The class has assignments that set you on a pace too slow to actually finish the class on time. Lectures and assignments are often more distracting than useful despite the TA's best efforts. The lectures are not directly helpful to the project, but the exam and especially the oral exam are just a memorization test of the lectures.

Stepping back from the problem, the project also just is a lot of work. Without getting into the low-level design that would be academic dishonesty, there are a few things I can show.

The 8 handwritten parameterized user libraries

One thing is the structural Verilog libraries we had. You will always need to write a fair amount of handwritten code to at least glue blocks together. Here are 8 libraries that we made. Why? There were the normal adders, and optimized implementations of large gates (4+ input xor/xnor/etc). It was also common that we needed arbitrary size muxes/tristates/magnitude&equality comparators/registers/etc. For functional reasons, it also was clear we needed clock relative strobe/pulse/delay generators of arbitrary timing. Creating these abstractions saved a lot of time, and helped us meet timing. Otherwise, we would have to make this simple bespoke blocks. For this to have been worth it implies that there was a lot of verilog written.

The 10 tools written to enable auto-generation of structural verilog

Our team also had to create a lot of generators to make errors easier to fix (Same block in two places vs two instances of the same bug), make interfaces more regular, and reduce the need to write code by hand. The only tool you are given is Espresso, a logic minimization tool. Espresso, critically, is the only tested tool you get to use; everything else you build.

The call relationship is shown above. We spent a lot of time on tooling so that our design would be as flexible as possible. All of these tools had bugs that needed to be fixed. My group mate Wenyu said the worst part of debugging was finding out you wasted 5 hours for it to just be the tools fault. He had just found an edge-case in the FSMGEN state priority logic. We tried our best to write test benches for the tools, but the tests were mainly regression tests rather than future looking tests.

The size of our design meant these tools had to be optimized to be fast. Our decoder generator took over 8 hours to synthesize the decoder block on the first run of about 6% of the ISA, in the end it took less than 15 minutes to synthesize the full ISA. Our final AIG based CLGEN beat our initial version by 3X in terms of latency, when the AIG versions already was strictly better than the pure espresso version. The AIG version finds common nodes between outputs and also maps pre-computed 'super gates' onto the function instead of just minimizing the number of logical miniterms.

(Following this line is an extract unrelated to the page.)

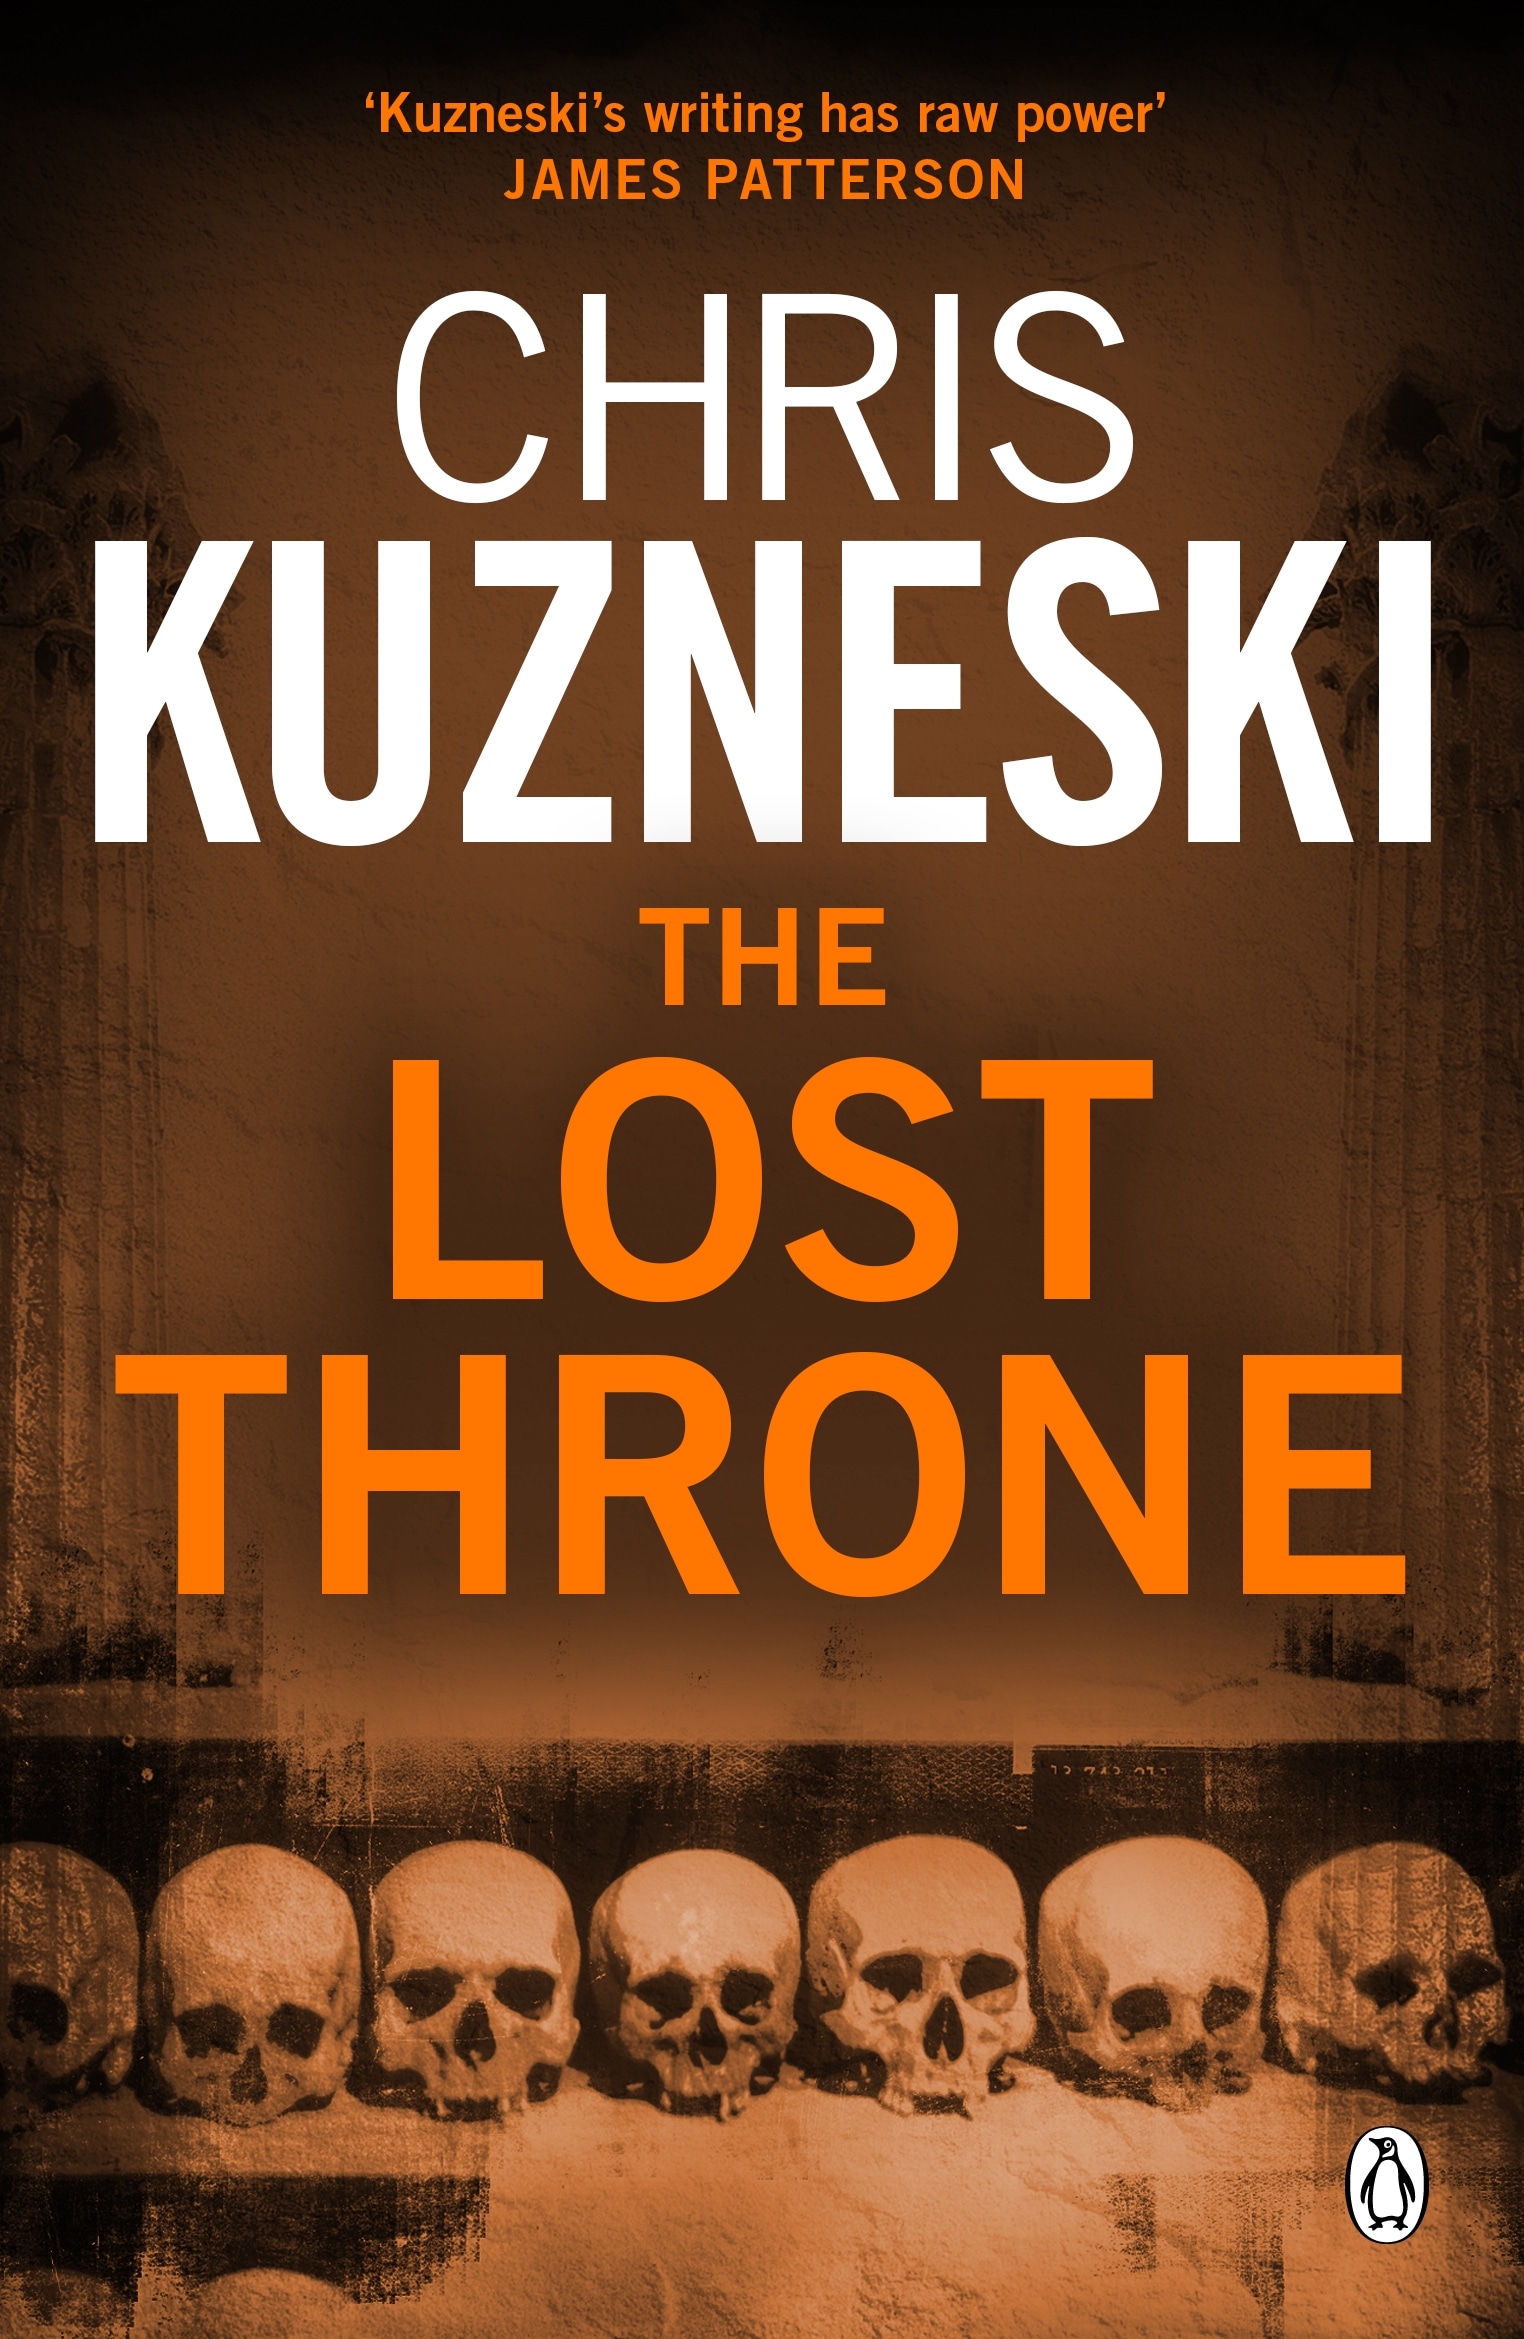 Book “The Lost Throne” by Chris Kuzneski — August 27, 2020

PLAGEN allowed Verilog style bus expressions to be synthesized. BLKGEN created optimal basic structures for the design. RAMGEN and LSTGEN worked together to create the DRAM and load the program into it. ROMGEN allowed for certain functions to have even lower delay than what CLGEN could create alone.

First 48 lines of the 382 line build script

These tools were used to create over 100 unique verilog blocks for the design (Not including the handwritten parameterized library blocks). Often when a tool had a bug fix, we wanted to regenerate everything that the tool had generated including cached files. We also ended up needed scripts to make sure that the environment had all of our tooling setup properly and a functional simulator for automated testing as we were using both our laptops and LRC machines which had VCS licenses, on laptops the tool chain automatically switched from VCS to Icarus. Icarus (And Vivado surprisingly) had a trade-off of not implementing all required timing primitives directly causing false successes, but the Icarus simulator didn't require a license server to run.

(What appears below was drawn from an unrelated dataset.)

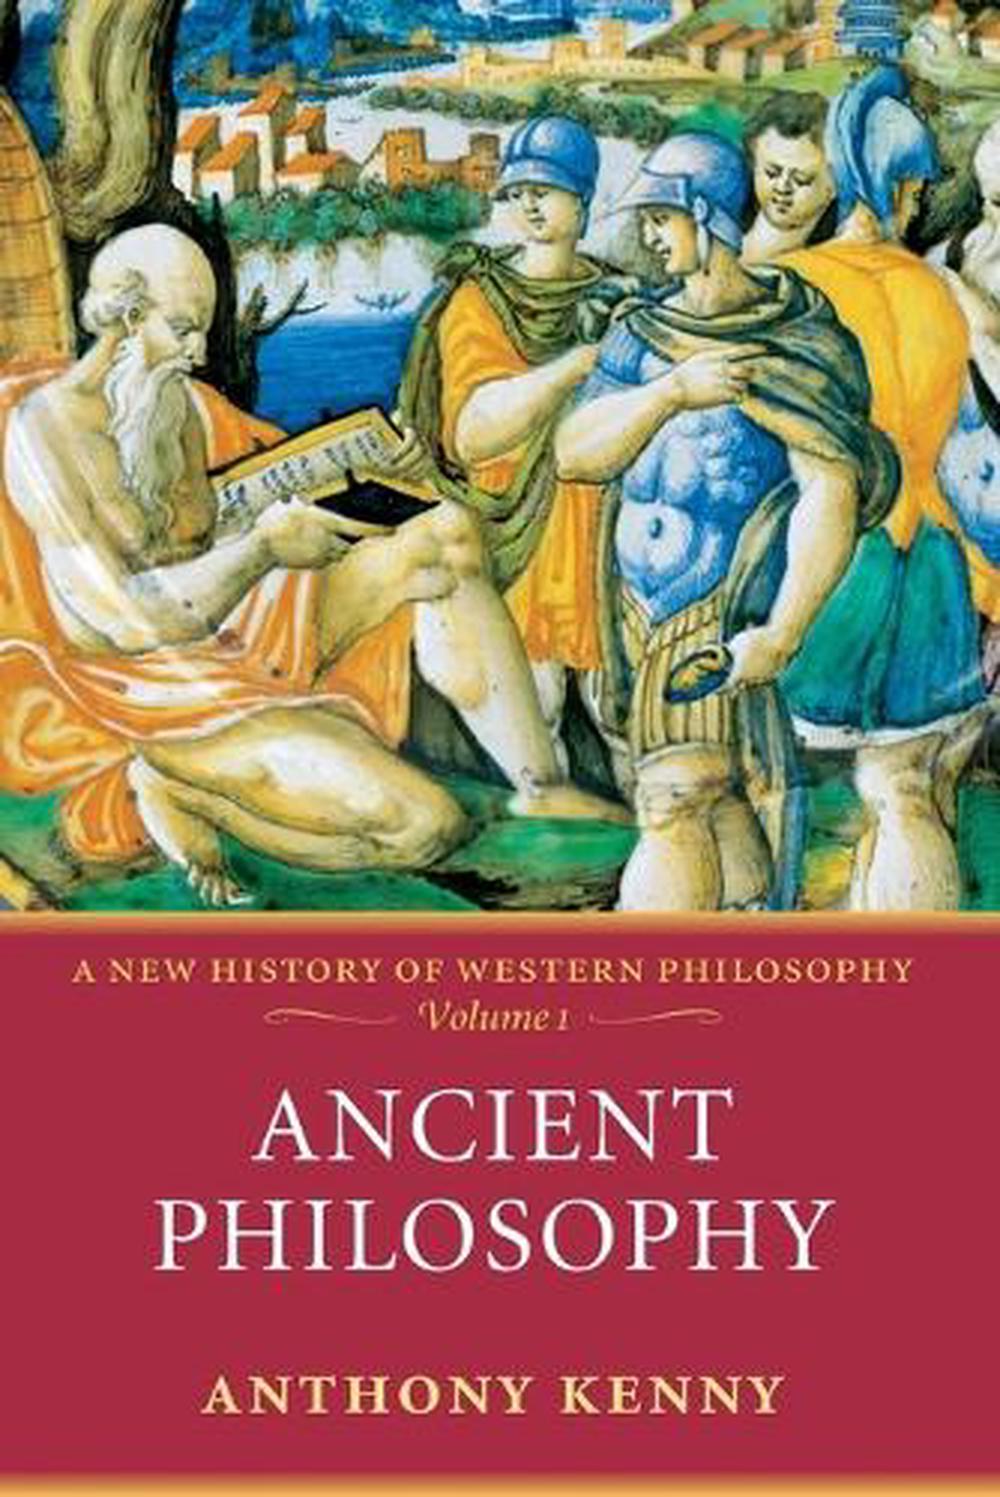 Ancient Philosophy: A New History of Western Philosophy, Volume 1 by ... - 9780198752721

The largest of these auto-generated files is likely the decoder stage of the pipeline, which came in at roughly 130 thousand lines long (debugging this stage was type III fun**). The decoder had a large number of input positions due to the variable length of x86 and mapped any instruction into VLIW-like control signals for the rest of the core while also extracting any arguments from the instruction in a single cycle.

We had over 40 hand-written design blocks. Thanks to the generated blocks, the median file length is only 150 lines of structural verilog (Although some of these files are well over 500 lines of assignments long). Its important to keep in mind, that all of this more or less has to 'just work' the first time.

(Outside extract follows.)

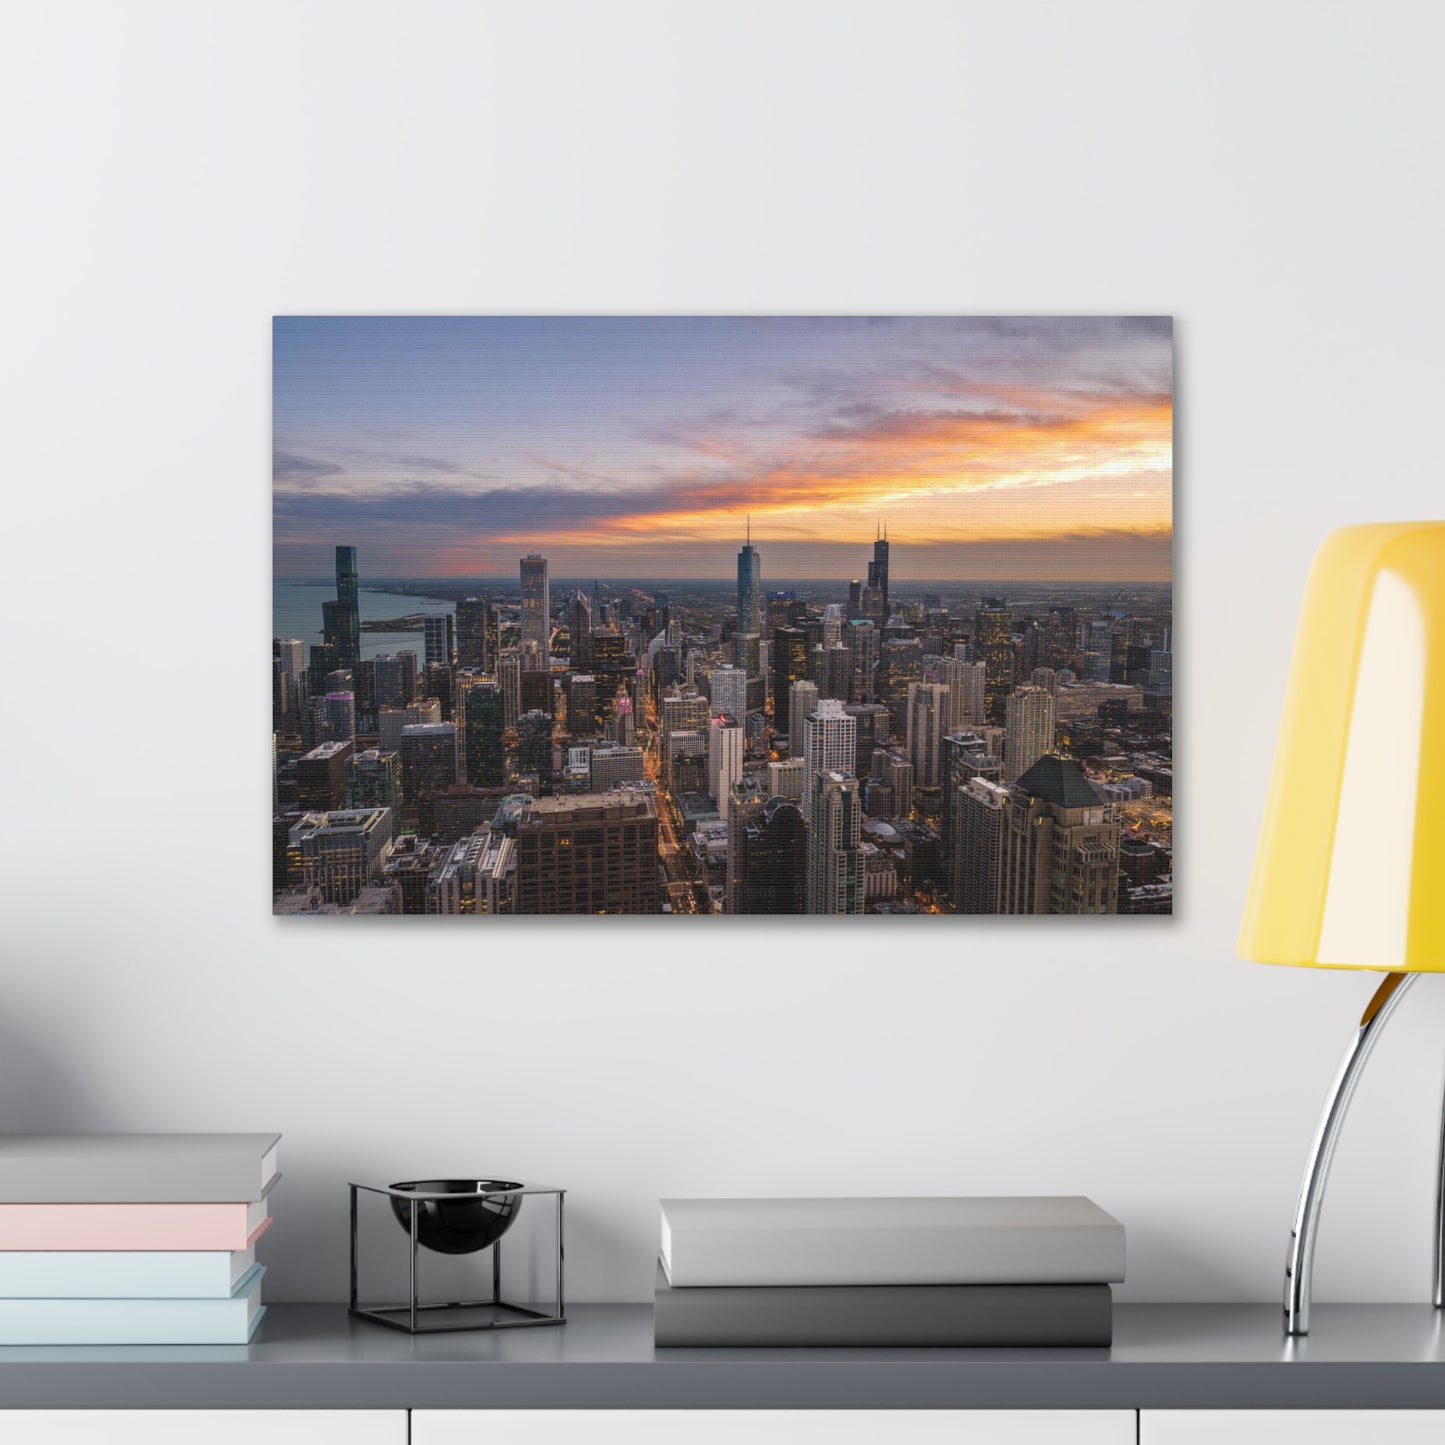 Dusk Chicago Skyline Sunset - Canvas Wall Print (Free Shipping)

The timeline is extremely tight, especially if you want to make something good. Not to mention things always go wrong. I remember my car broke down a couple weeks earlier. It felt like the worst possible time, as I didn't even have the time to get it towed home. I shifted it into neutral and pushed it into a hotel parking lot from the side of the highway. To get to school I would take the bus after carpooling closer to Austin. The timing couldn't have been worse.

You are only meant to have one final checkout for the project. The reasoning being that seeing the test cases gives away the problem. Once you see the exact assembly your core needs to run, it is too tempting to make a CPU just barely capable of running that exact pattern. This was especially true of the performance test cases.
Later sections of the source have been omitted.